Another alternative to narrow area ion beam implantation is ion shower implantation (ISI). An ion shower is typically a large area ion beam extracted from a plasma source by means of an extraction electrode and an optional post-acceleration system. Ion shower differs from PIII in that it uses a remote plasma, a field-free region around the substrate to be ion-implanted, and a continuous instead of a pulsed ion beam. These features of the ISI system eliminates the surface charging and etching problem of PIII, and enables accurate dosage control.

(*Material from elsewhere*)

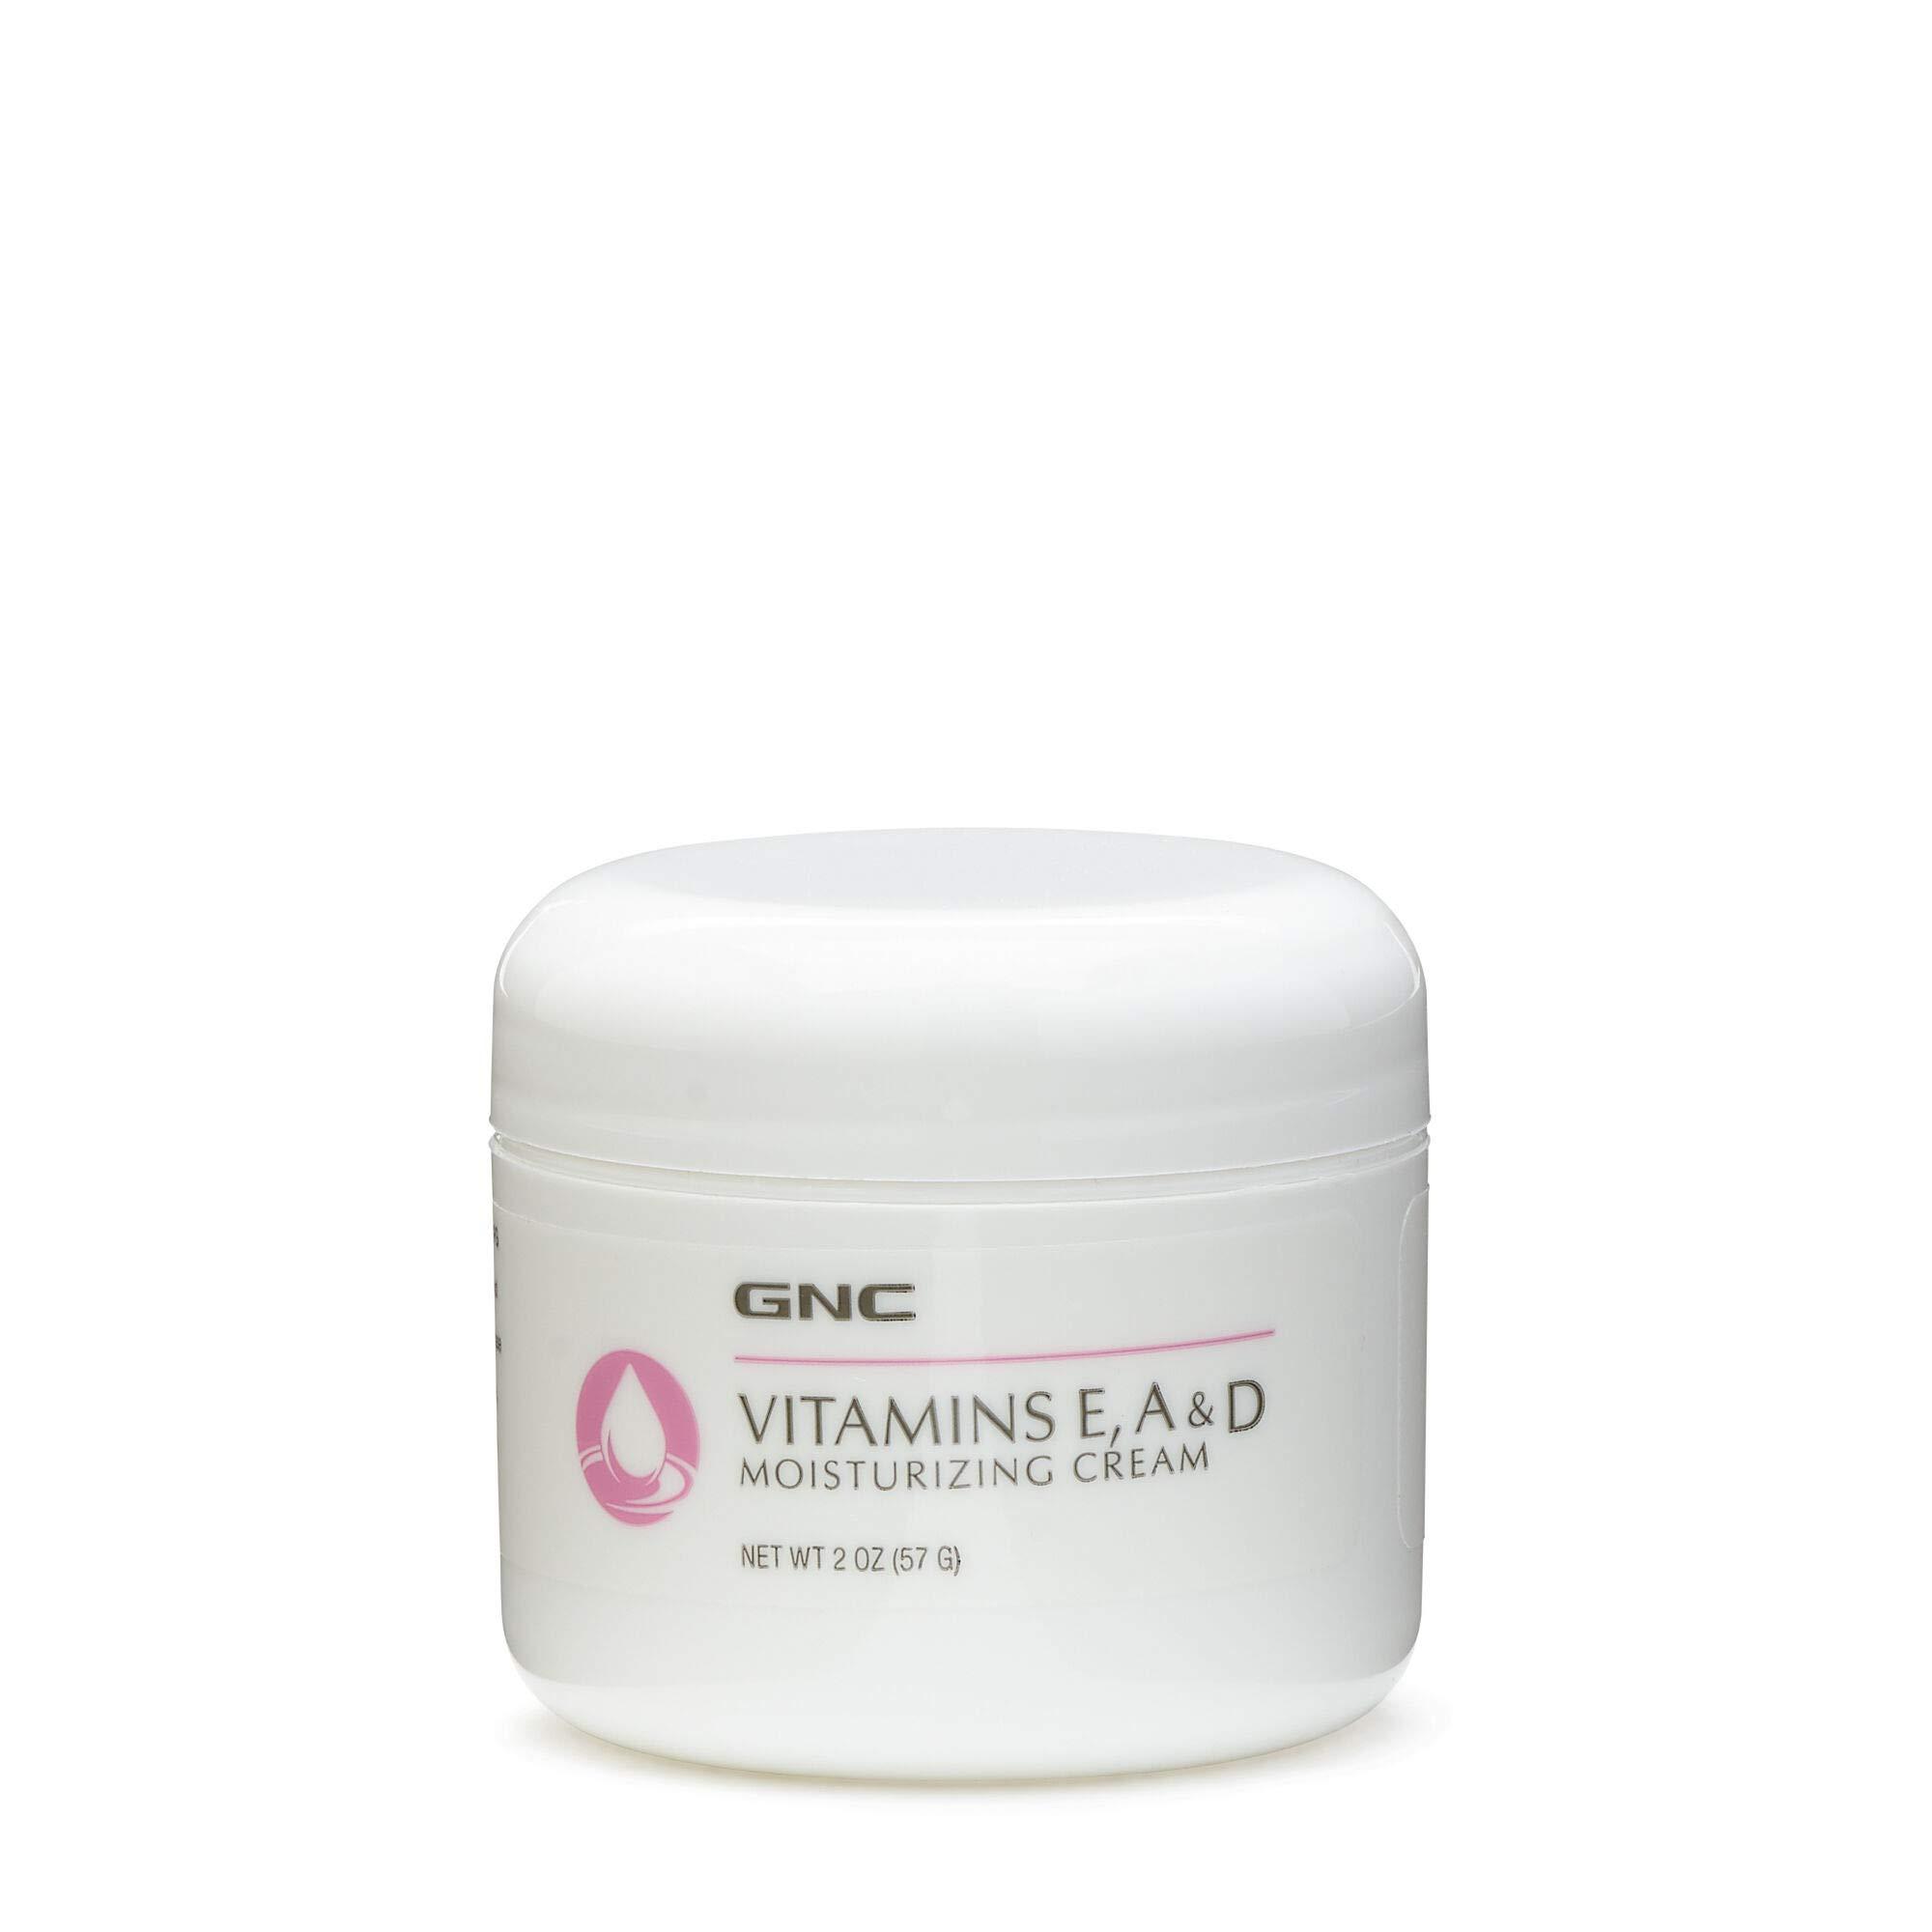 GNC Vitamins E, A & D Moisturizing Cream 2oz, Soothes Dry, Chapped Skin

The present inventors have discovered that, while ISI can achieve quick ion implantation, the use of conventional ISI in the production of SOG structures can lead to unacceptable damage of the thin film upon separation thereof from the substrate. For the manufacture of many semiconductor devices, it is important the integrity of the crystalline lattice of the thin film is substantially maintained during the implantation and upon separation thereof from the substrate.
Therefore, there remains a process for separating a thin film of semiconductor material that is efficient, effective, yet without damaging the desired structure of the thin film. In particular, there remains a process for making SOG structures wherein the ion implantation process can be implemented with efficiency and efficacy.
The present invention satisfies this long-standing need.